The Diffusion of Digital Inkjet Printing in the Textile Industry

Abstract Number: 002-0243

Business Modelling in Support of Innovative Process Development in the Speciality Chemical Industry

Second World Conference on POM and 15th Annual POM Conference,

Cancun, Mexico

April 30 - May 3, 2004

T. F. Burgess1, and N.E.Shaw2

1Author to whom correspondence should be addressed,

Leeds University Business School,

University of Leeds,

LS2 9JT,

UK

,

Phone: +44 (0)113 343 2615

2 Leeds University Business School

University of Leeds,

LS2 9JT,

UK.
Abstract

We report on research collaboration between industry and academia to improve manufacturing process development in the speciality chemical industry. Faculty drawn from Operations Management personnel in a Business School and from personnel in Chemical Engineering and Mechanical Engineering Departments have combined with industry practitioners to develop frameworks and tools to support an innovatory approach to designing and developing manufacturing processes within what can be characterised as a traditional, batch production environment. The background to the research is described and the major action research style initiatives outlined that culminated in industry-based case studies. The business aspects of the developed framework and tools will be presented from an Operations Management perspective.

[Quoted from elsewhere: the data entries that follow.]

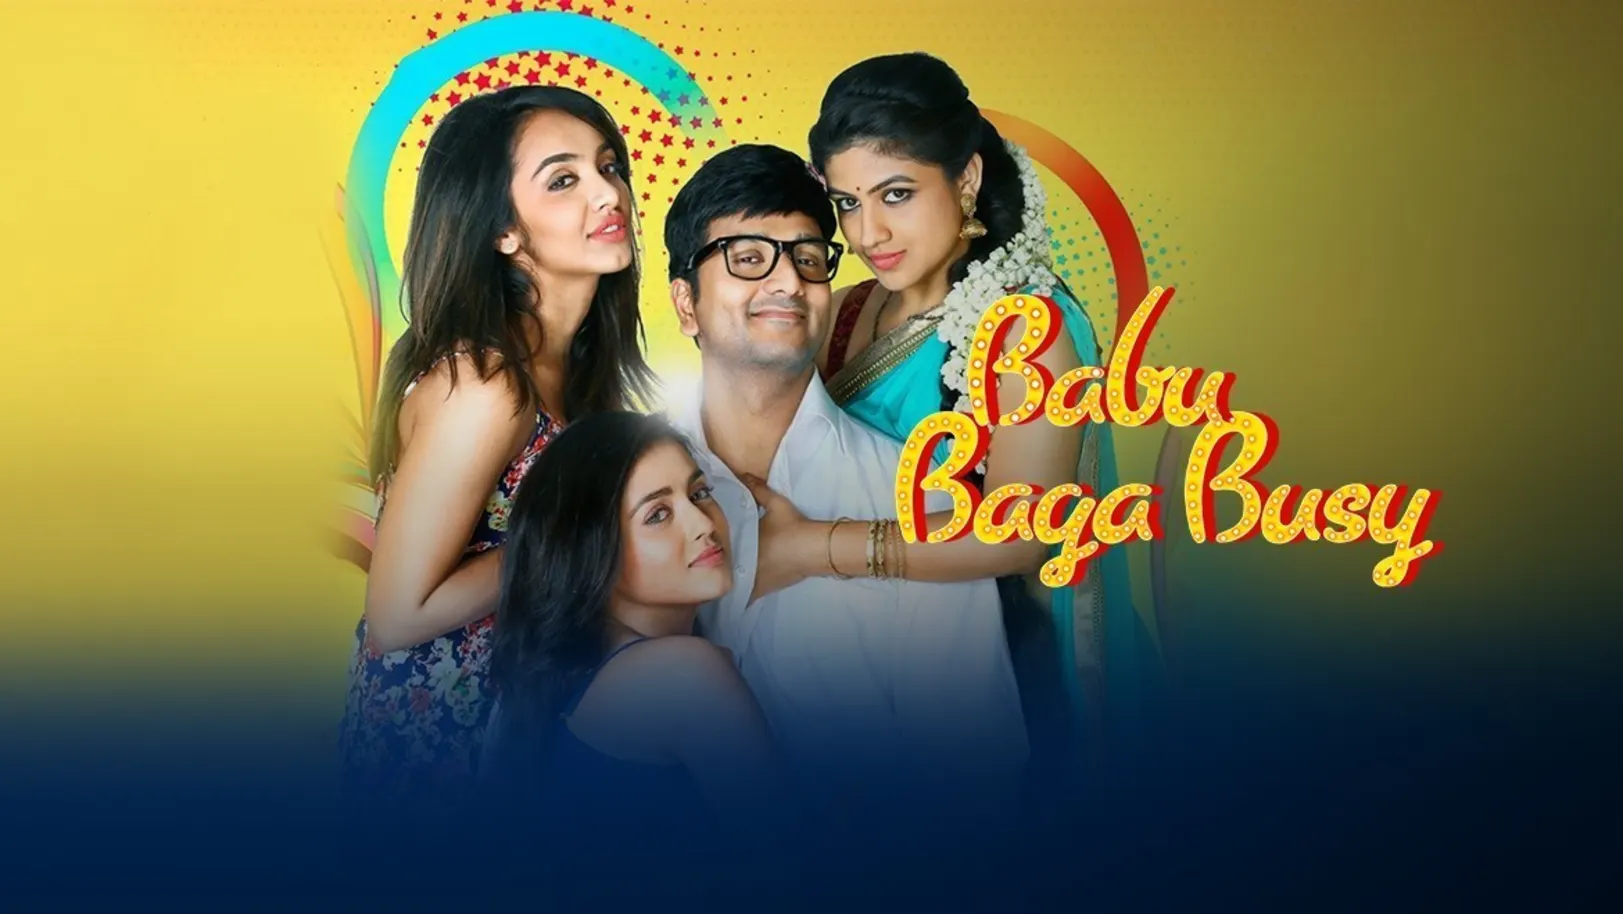 Babu Baga Busy Movie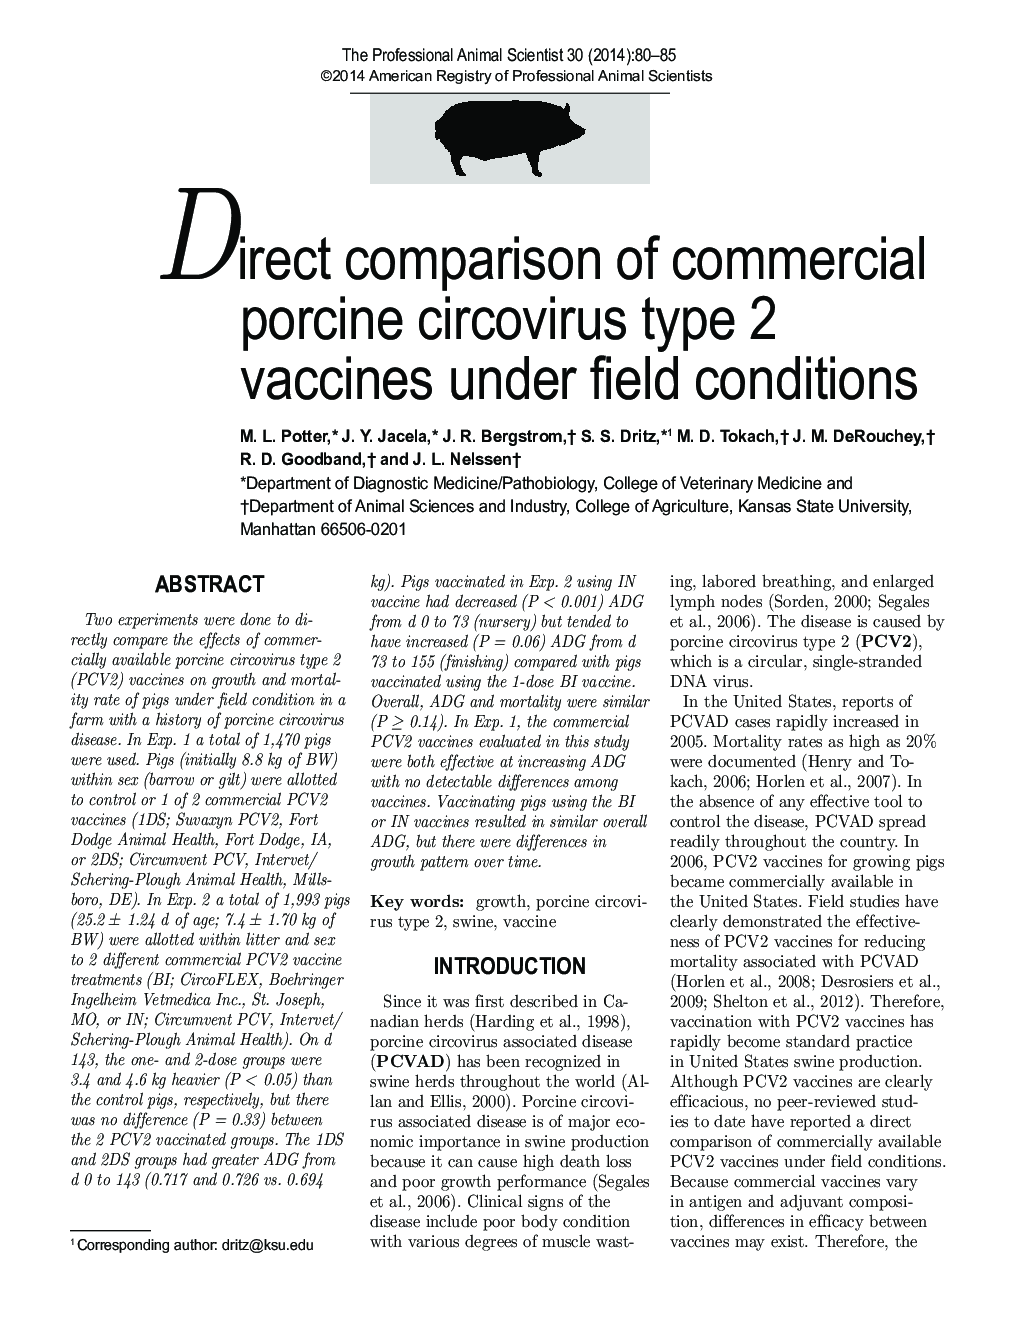 Direct comparison of commercial porcine circovirus type 2 vaccines under field conditions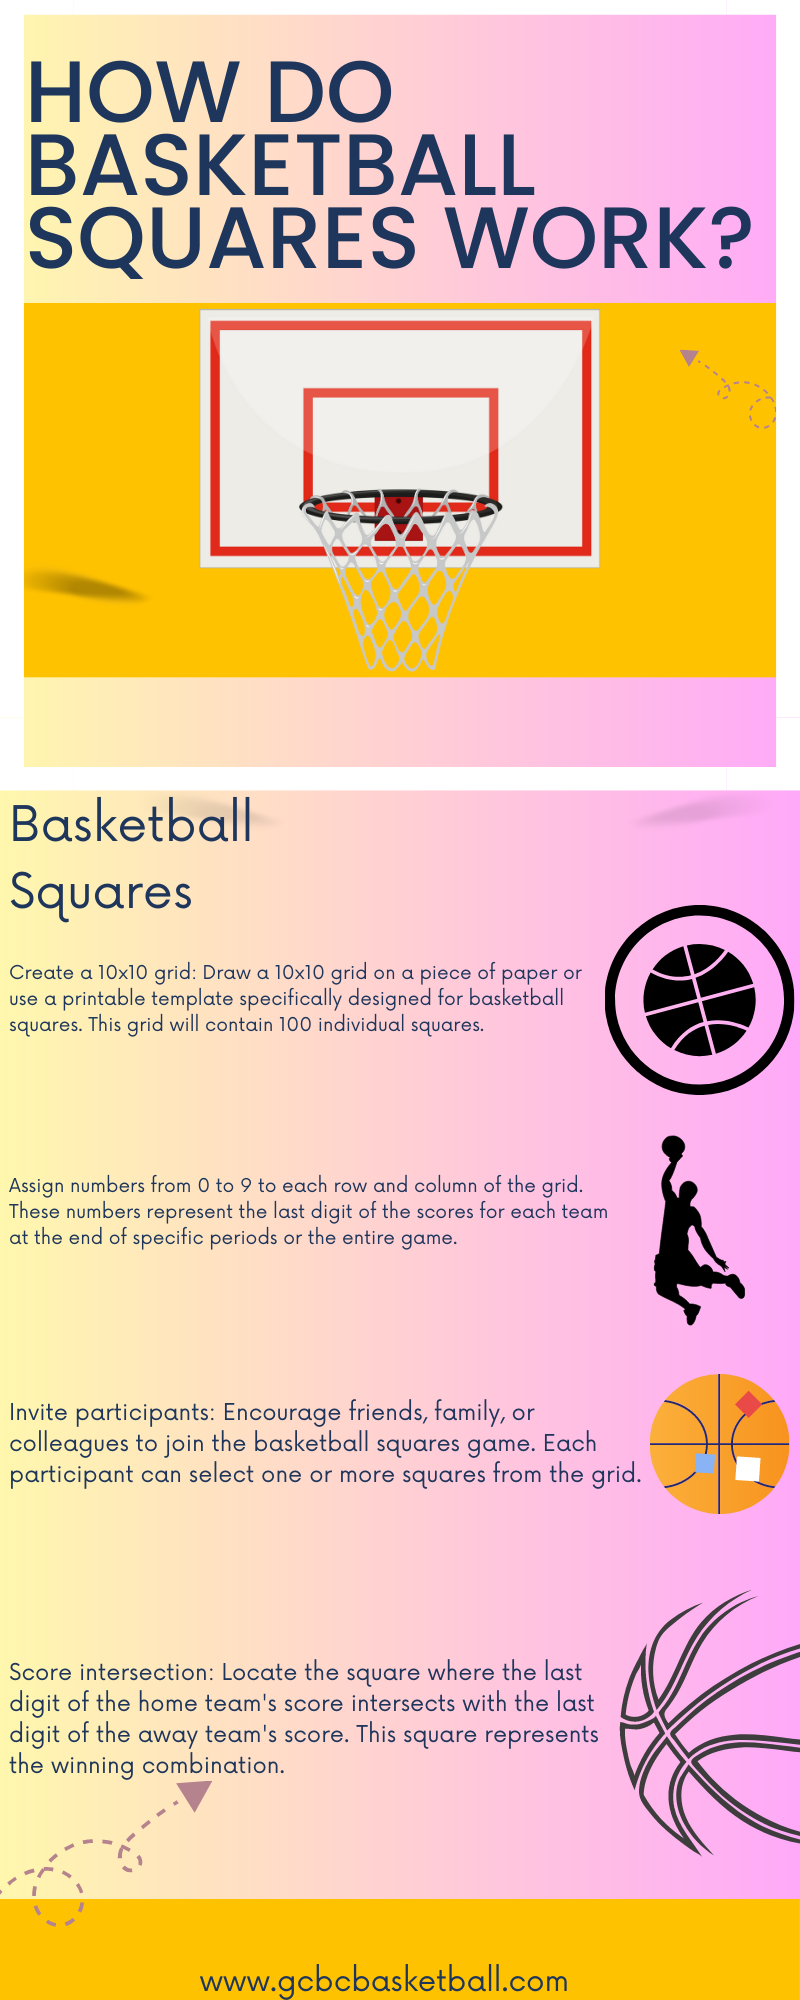 How Do Basketball Squares Work infographics 1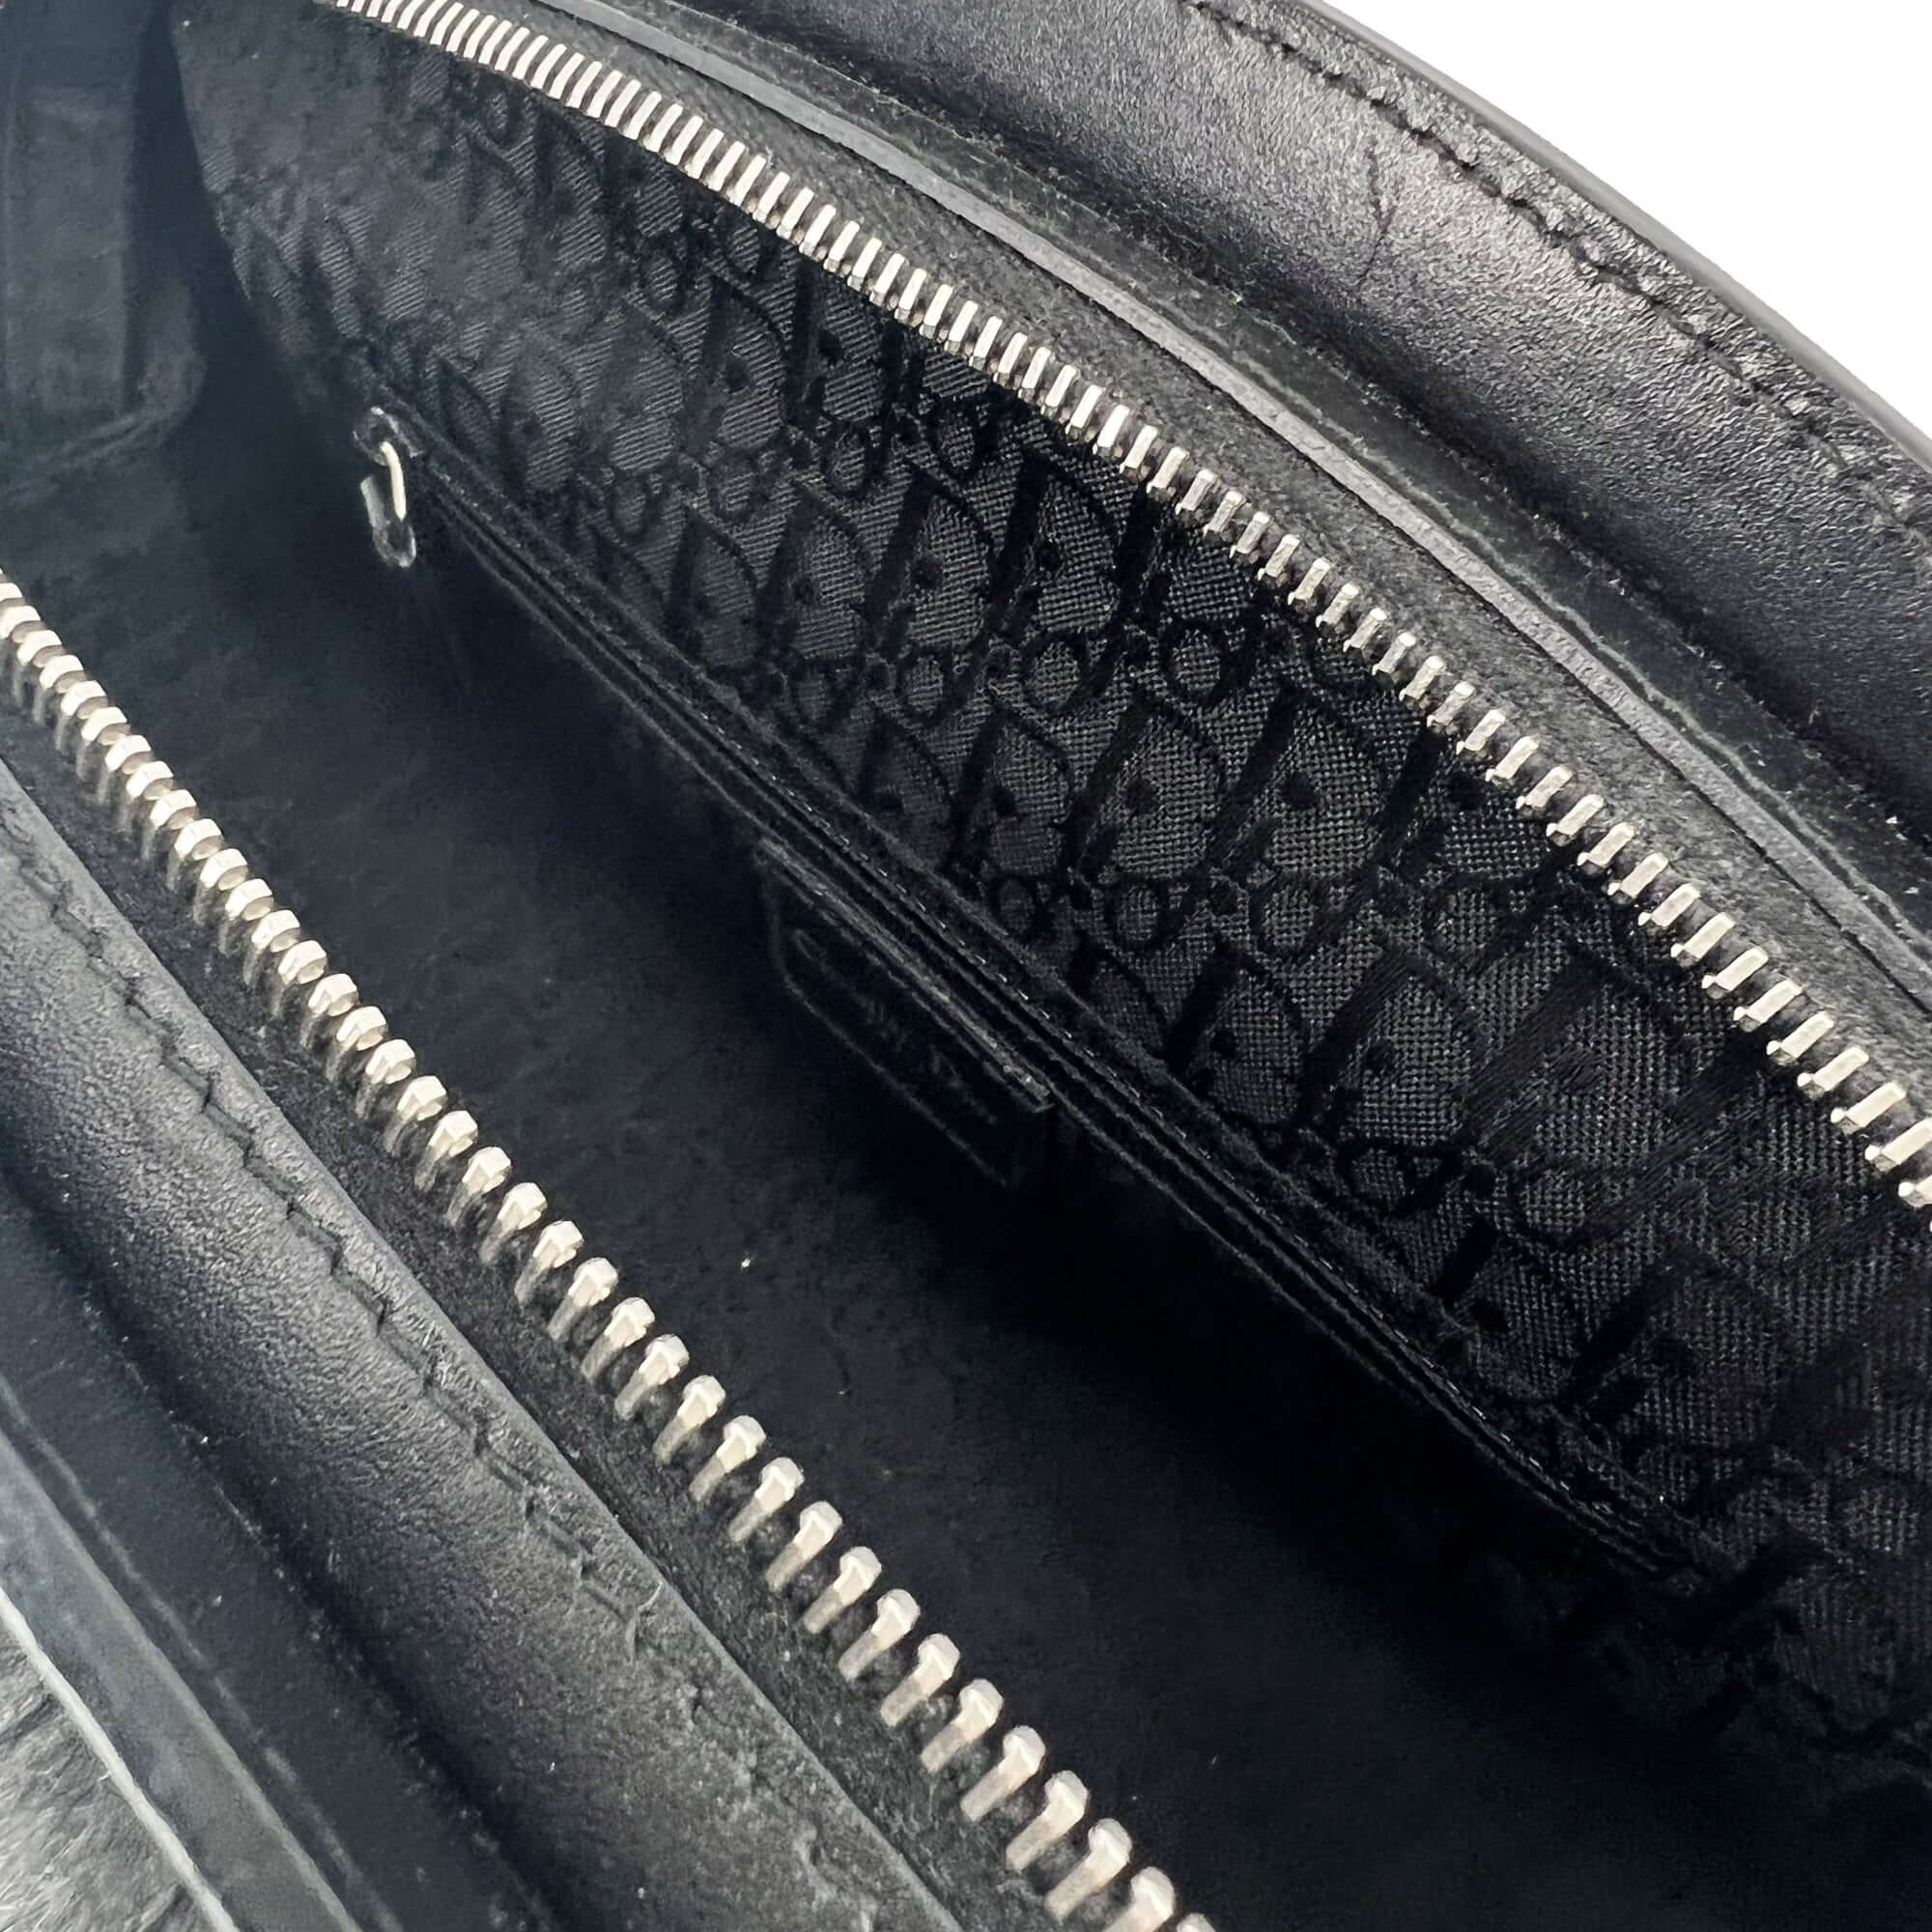 Christian Dior Black Diorissimo Fur and Leather Frame satchel

Keywords: Innovation, Process Design, Business Modelling, Speciality Chemicals

1. Introduction

Porter and Ketels (2003), in advice to the UK government, have recently advocated that UK companies should pursue business strategies that rely on innovation to accentuate high-value products, presumably relinquishing commodity manufacture to other companies such as those in emerging economies. Such strategies are found in, and are advocated for, many manufacturing companies in the pharmaceutical, agrochemical and specialty chemical industries (Chapman and Edmond, 2000; Burgess et al., 2002; Walsh and Lodorfos, 2002). Emphasising innovation as a key organisational success factor means that agility becomes necessary as a key organisational capability (Goldman et al., 1995). Agility needs to be present in all areas of company operation - emphasising business or technical domains in isolation will not deliver the necessary overall capability to innovate (Daft, 1978). The ability to speedily introduce new products is a function of not just agile production plant but is also constrained by the company’s ability to develop and introduce new processes into the manufacturing plant. Clearly the business routines for introducing a new product, and new process, are powerful determinants of whether an organisation achieves agility, just as the technical and manufacturing capabilities are. However, where companies have relied for many years on familiar development routines that identify traditional manufacturing processes to produce products that are not so high-valued then upgrading the company’s agility level poses challenges. This is the situation that many, both academics and practitioners, see applies in the speciality chemical industry. In this paper we outline the results of collaborative research carried out to develop a framework for agile process and plant design within the speciality chemicals industry; a framework that integrates business and technical aspects and provides tools to support the design process. First some theoretical background is provided, then the research methodology (action research) involving collaboration between academics and industry practitioners is described. Next the results of the research are covered and some conclusions drawn. In particular, this paper emphasises that part of the research that involved Operations Management academics.

2. Background

As indicated in the introduction, companies in the speciality chemicals industry are pursuing, or being exhorted to pursue, strategies that focus on higher value added products than hitherto (Chapman and Edmond, 2000; Burgess et al., 2002; Walsh and Lodorfos, 2002; Porter and Ketels, 2003). Chemicals are seen as comprising such an important industry (Arora, Landau and Rosenberg, 1998; Howitt, 2000) that many argue that such a strategic response is necessary in countries like the UK – the industry cannot simply be allowed to whither away in the face of overseas competition. The advocated strategies require companies to respond better to customer requirements for new products to be delivered speedily in small volumes. Such requirements place demands for companies to become more agile (Goldman et al., 1995), and call for radical changes in the business and manufacturing routines to produce new products and process of what is often characterised as a traditional, slow to change industry. Some features of the industry are:

• disconnected business and technical criteria in the new product/process activity (Olson et al., 2001)
• inadequate knowledge of the chemical processes (Charpentier and Trambouze, 1998)
• over reliance on batch production methods and equipment that had been used in the past (Stephanoupolos et al., 1999)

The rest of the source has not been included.